- [Assigned task]:
Copy out the data in full and exactly, passing over the pictures.

- [Given material]:
# # # # #
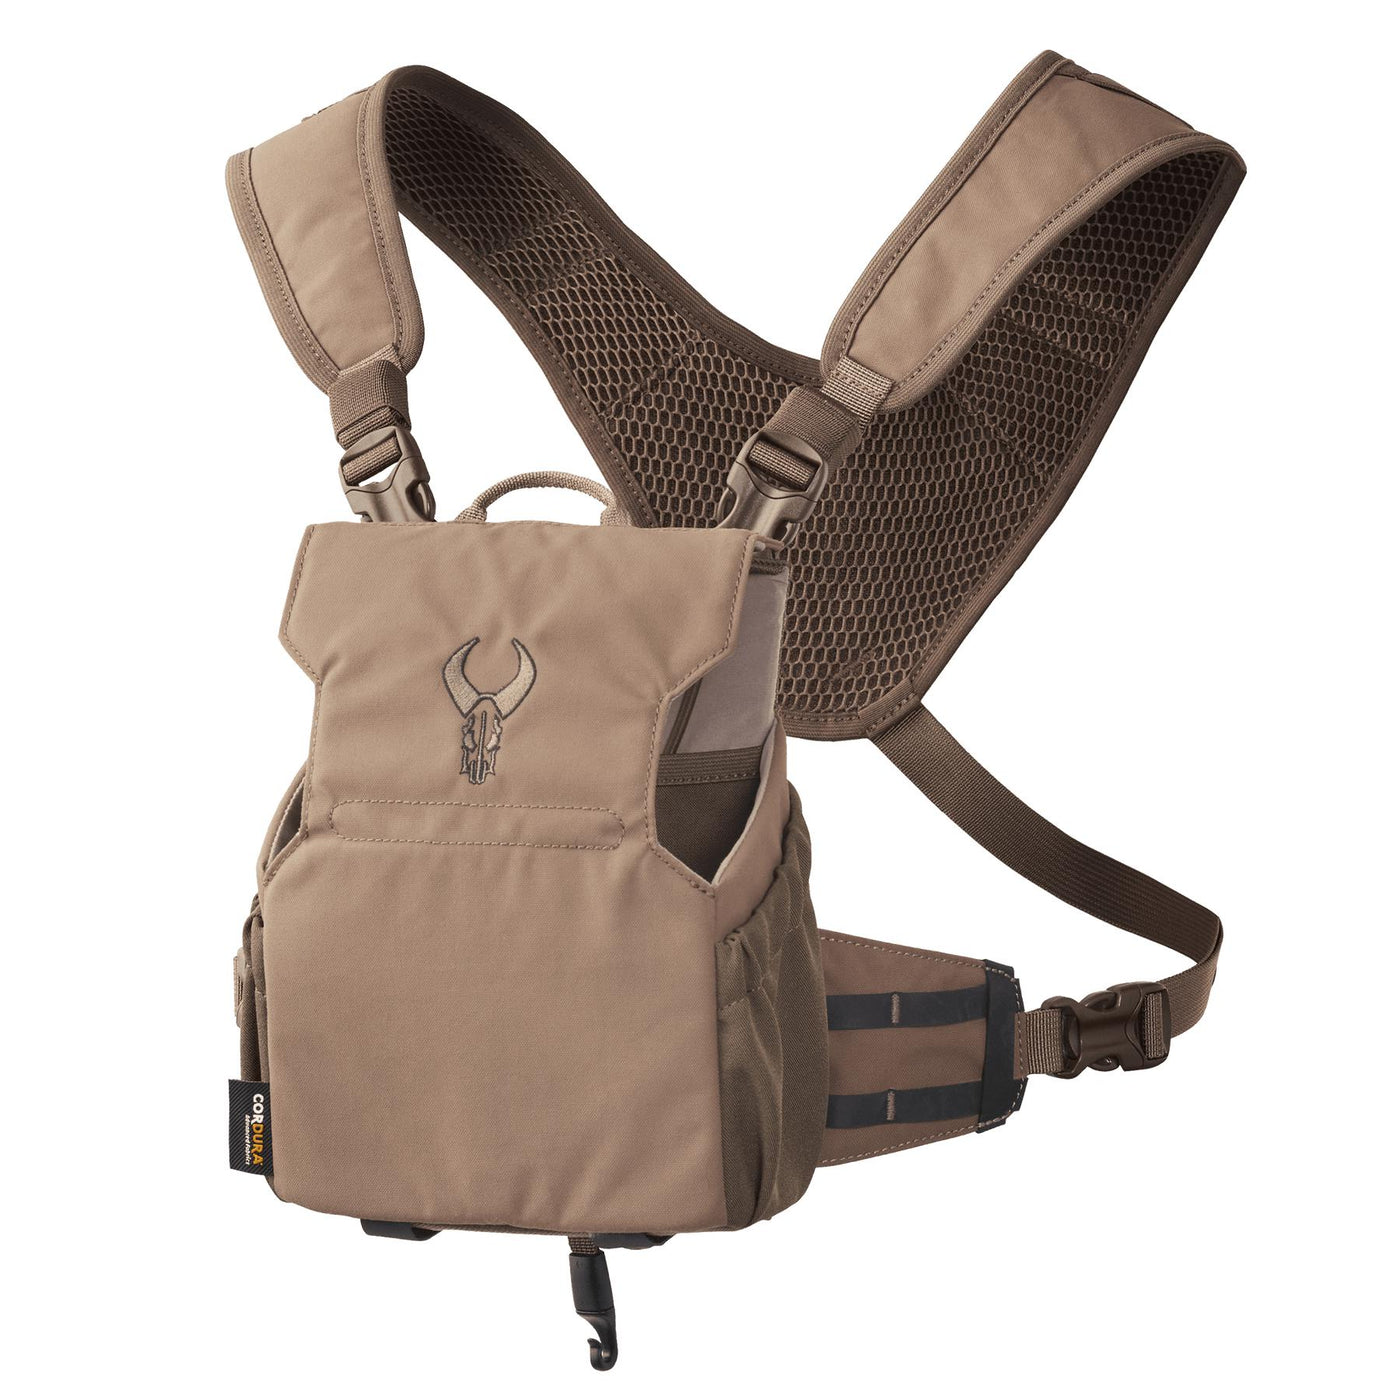 Badlands Bino Harness Axs-Hunting/Outdoors-Mud-S-Kevin's Fine Outdoor Gear & Apparel
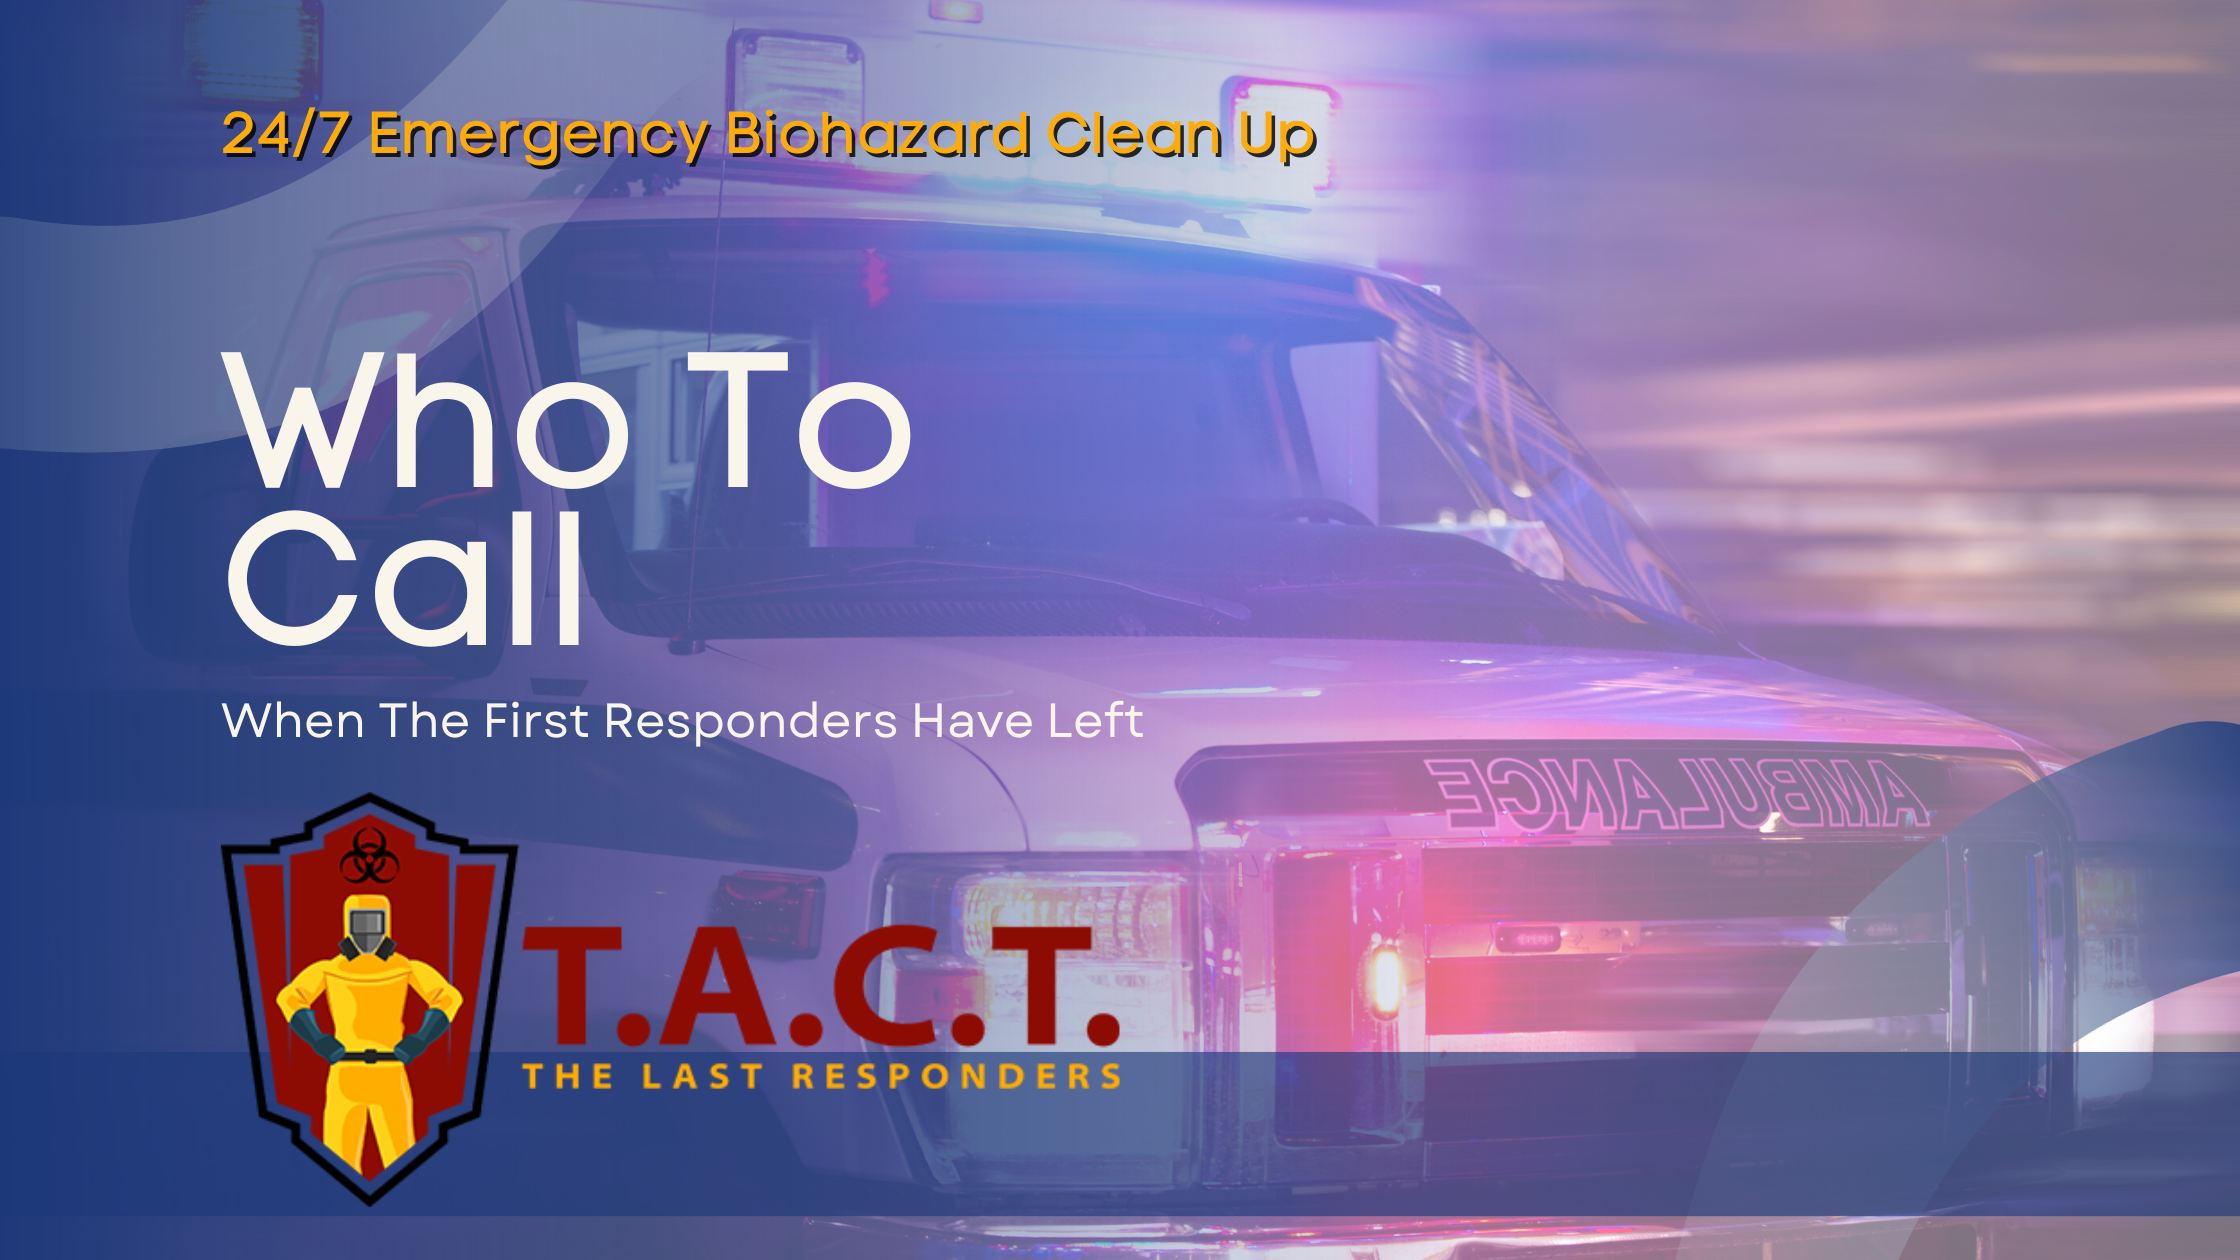 After First Responders Go: The Vital Role of Professional Biohazard Remediation
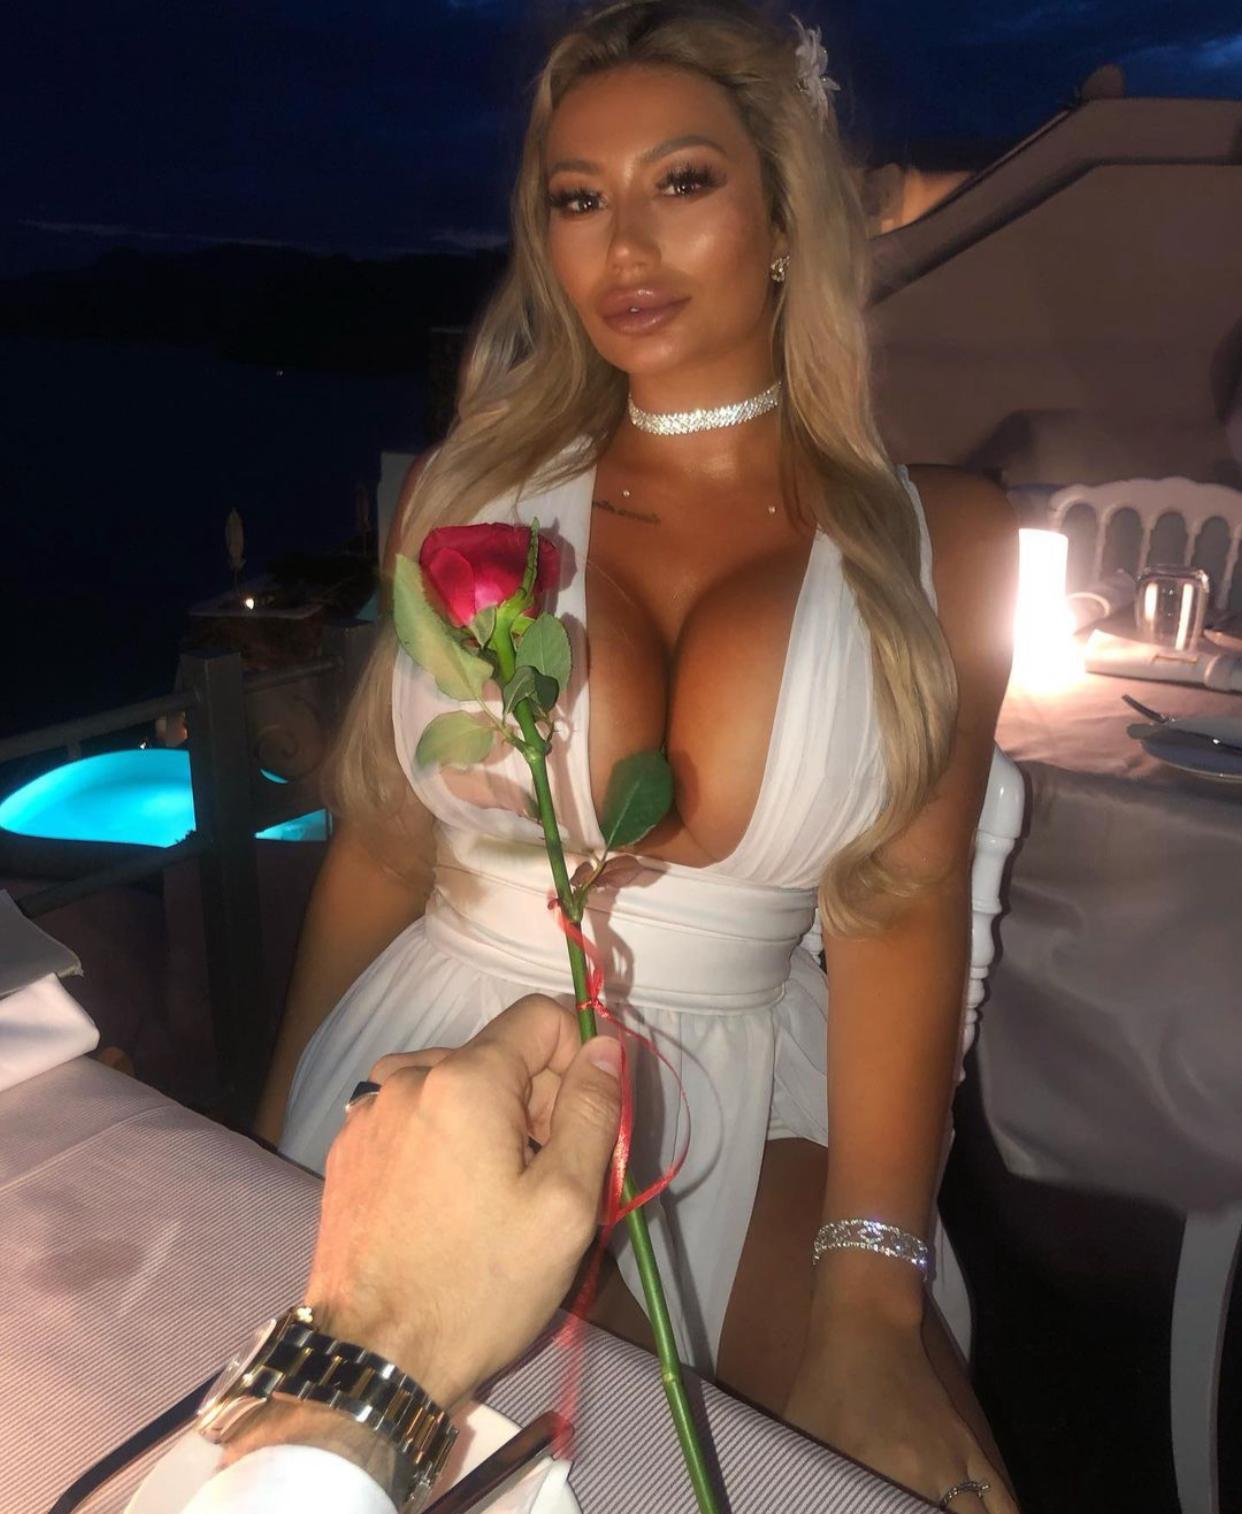 Sophie wearing a blue dress with a rose being offered to her
# # # # #
- [Exercise output]:
 Badlands Bino Harness Axs-Hunting/Outdoors-Mud-S-Kevin's Fine Outdoor Gear & Apparel
 After First Responders Go: The Vital Role of Professional Biohazard Remediation
 Sophie wearing a blue dress with a rose being offered to her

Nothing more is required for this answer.